Many of them are what are known as type specimens – the original botanical basis for the first scientific description of a particular species. The collection is now also the starting point for research expeditions of a different kind: The goal of a new research alliance initiated by the Botanic Garden and Botanical Museum is to study the history of institutions in Berlin that are based on collections. Scholars of the humanities and natural scientists from 13 major institutions in Berlin – from the various institutions run by the Prussian Cultural Heritage Foundation to the Museum für Naturkunde and the German Historical Museum – are all involved in the project.

“The act of collecting is being considered as a historical event, and no longer as a purely scientific or academic activity,” Rahemipour says. Instead, the researchers aim to explore the scientific, academic, cultural, and political contexts and the academic and scientific networks that have shaped the collections. Interdisciplinary cooperation is the only way to accomplish this. This also makes it possible to take account of the various levels of meaning in the objects themselves, she says, leading visitors into the “Ancient Egypt Room” of the Botanical Museum. The room exhibits the remains of plants found in the tombs of Egyptian pharaohs: dried garlands of flowers and grapevines, but also pieces of clothing and mats woven from plant fibers.
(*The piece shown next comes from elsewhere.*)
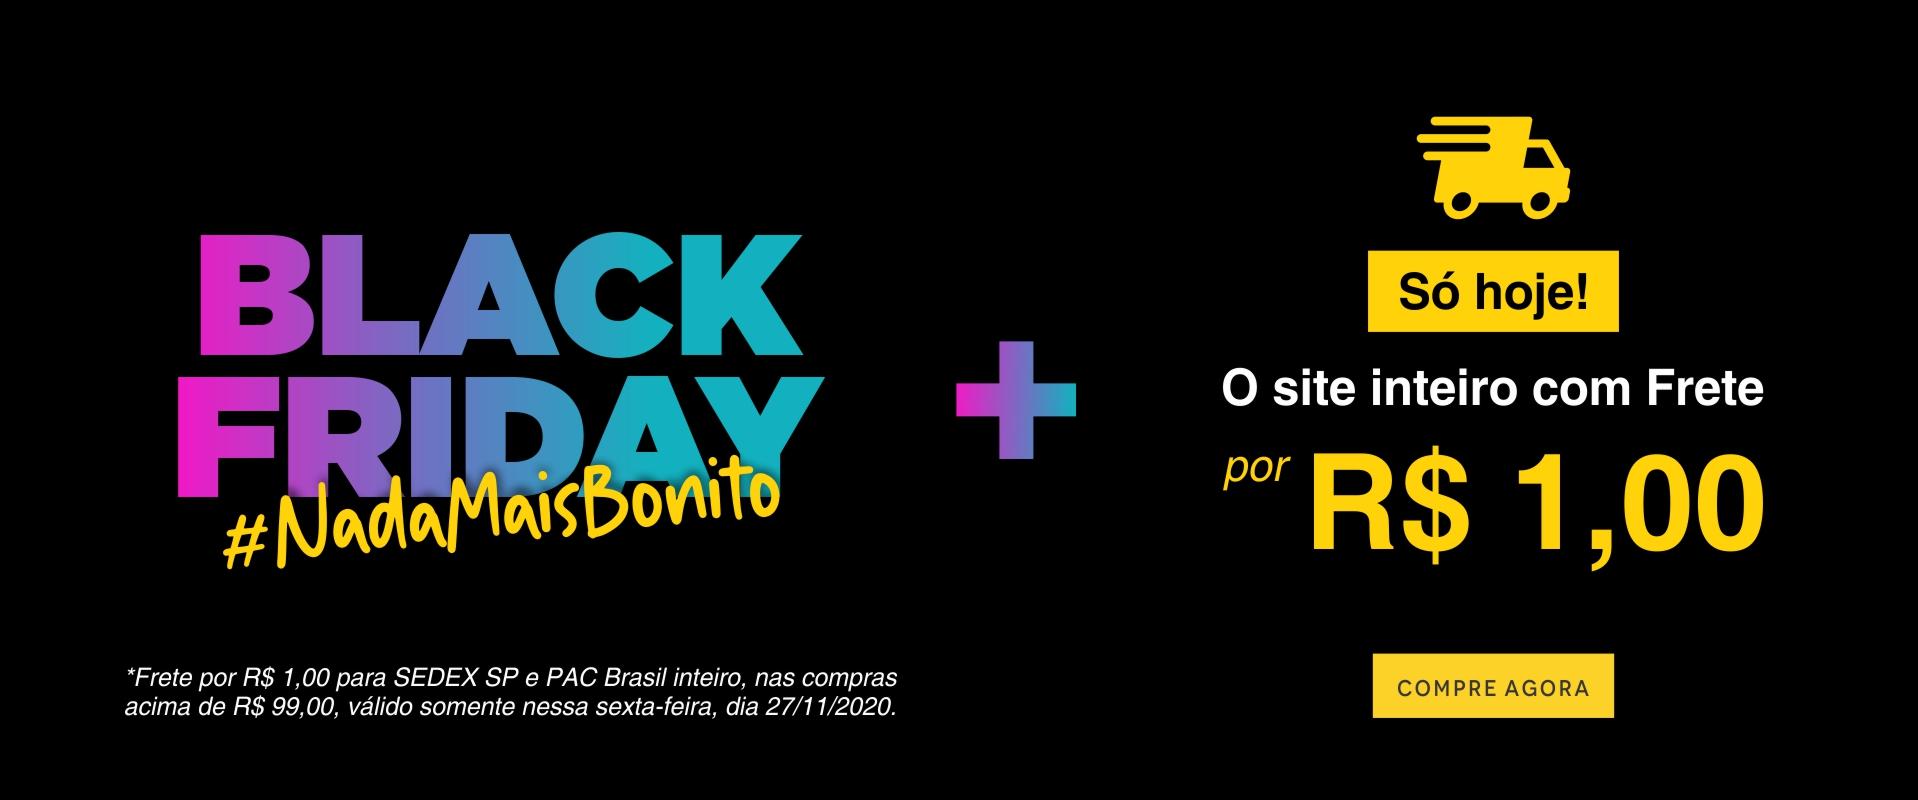 Black + Frete

This kind of find not only allows scholars to draw conclusions about what kinds of plants grew in the area at the time, but also points to burial rites and everyday life in ancient Egypt. And the objects themselves have also become a part of institutional history, since they were collected in the 19th century by Georg Schweinfurth. “Other places put ‘African explorer’ next to his name; we call him a botanist. It’s all a question of perspective,” says Rahemipour. To her, botany is full of interdisciplinary cross-references.

To compare a plant specimen with a 200-year-old type specimen, researchers have to not only be able to decipher old manuscripts, but also know that the site where the specimen was found, for example “Kaiser-Wilhelms-Land,” is in present-day New Guinea. And they should not be confused to find a specimen bearing the signature of Adelbert von Chamisso. The poet was also a botanist and one of the first custodians at the herbarium in Schöneberg.
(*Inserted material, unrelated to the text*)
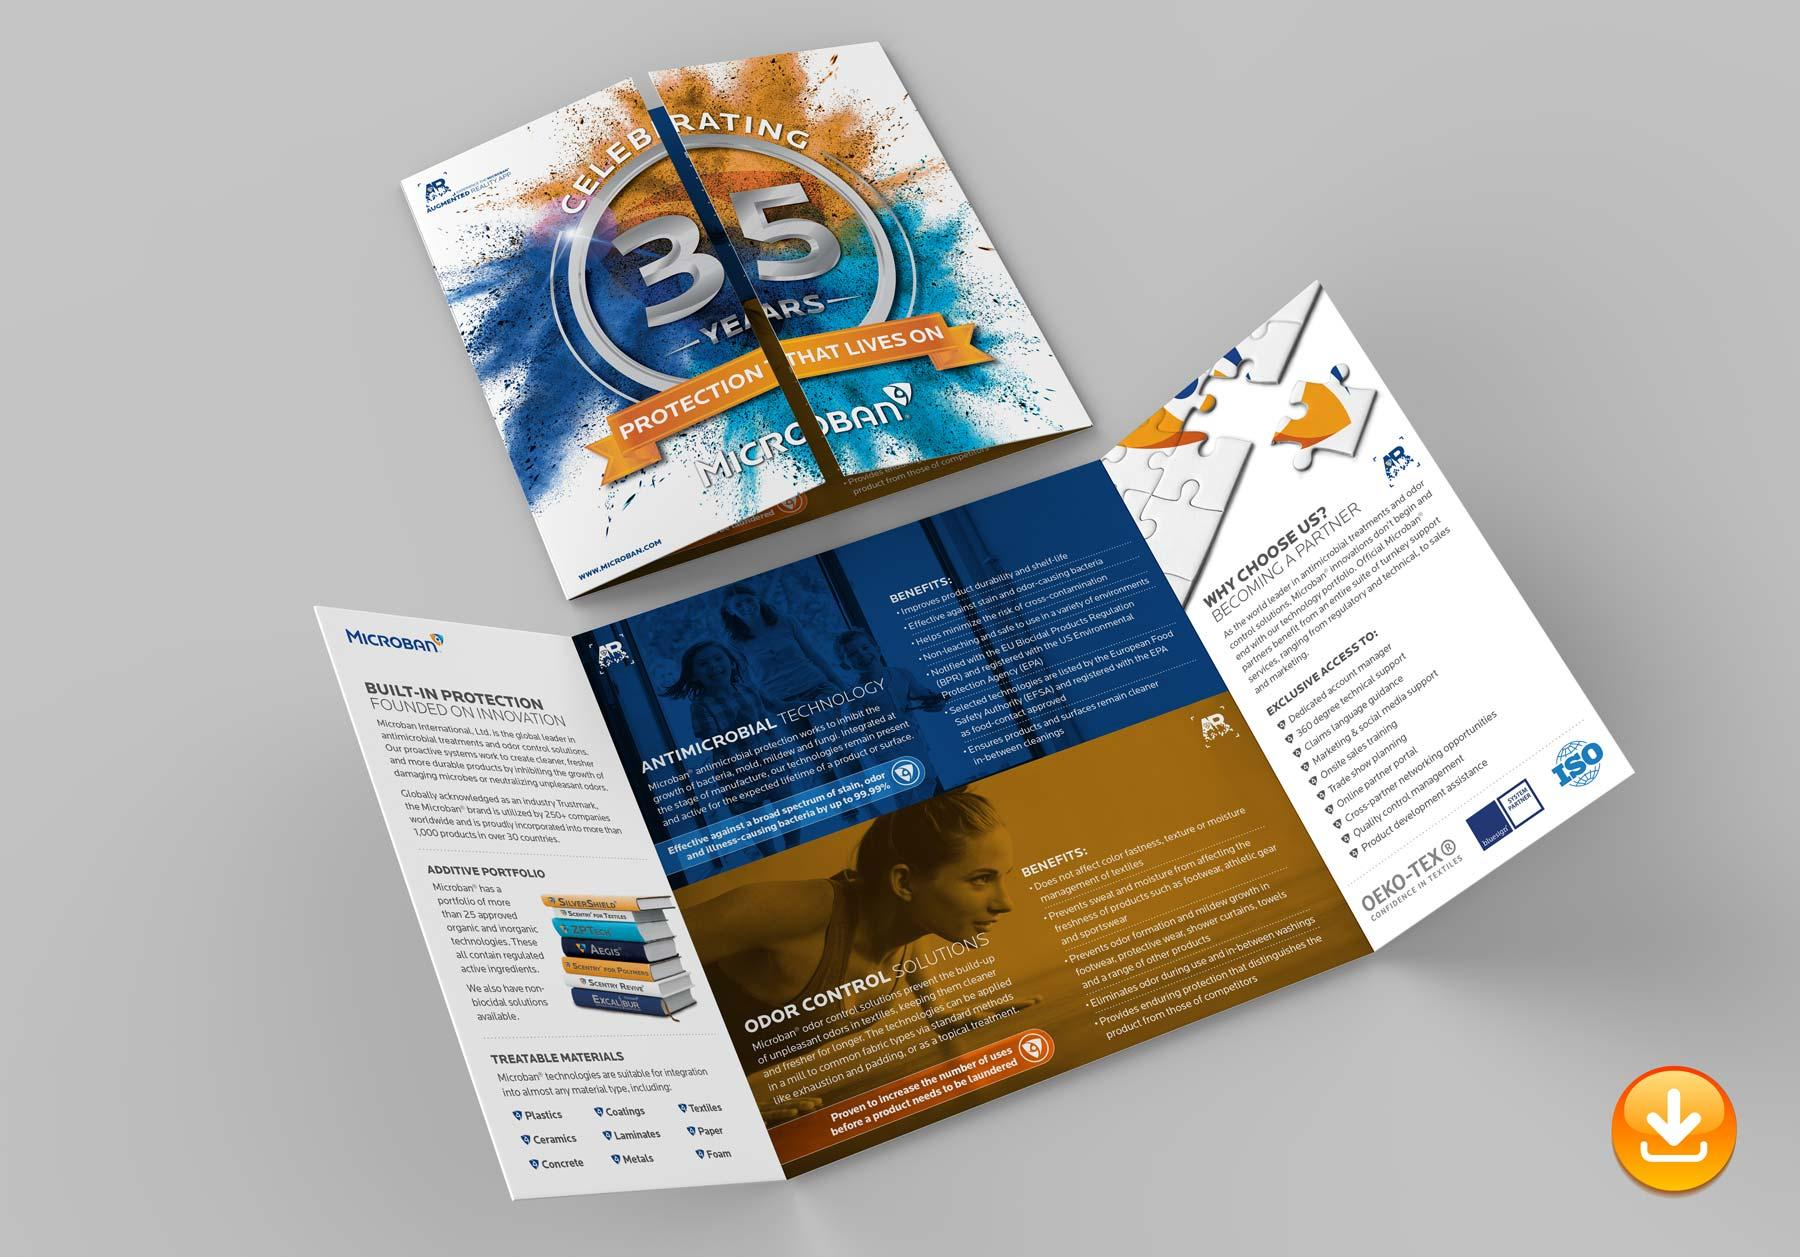 Microban Company Brochure 2019

As for how interdisciplinary networks were at the time, Willdenow’s “Album Amicorum,” which is archived at the Botanical Museum, offers ample evidence. “This album is a kind of predecessor of what we might think of as autograph books today,” Rahemipour explains. “But it was also used as a reference when a person was applying for a position or requesting funding for an expedition,” she adds.

Page after page, the book represents a kind of “who’s who” of the Prussian academic and research elite, decorated with miniatures, paper cutouts, and quotes. Rahemipour hopes that these kinds of albums, several of which are scattered across the Berlin collections, will help her trace the academic and scientific networks that existed at the time in detail at some point. “After all, as an institution, you have to know your past, if you want to raise your profile for the future,” she says.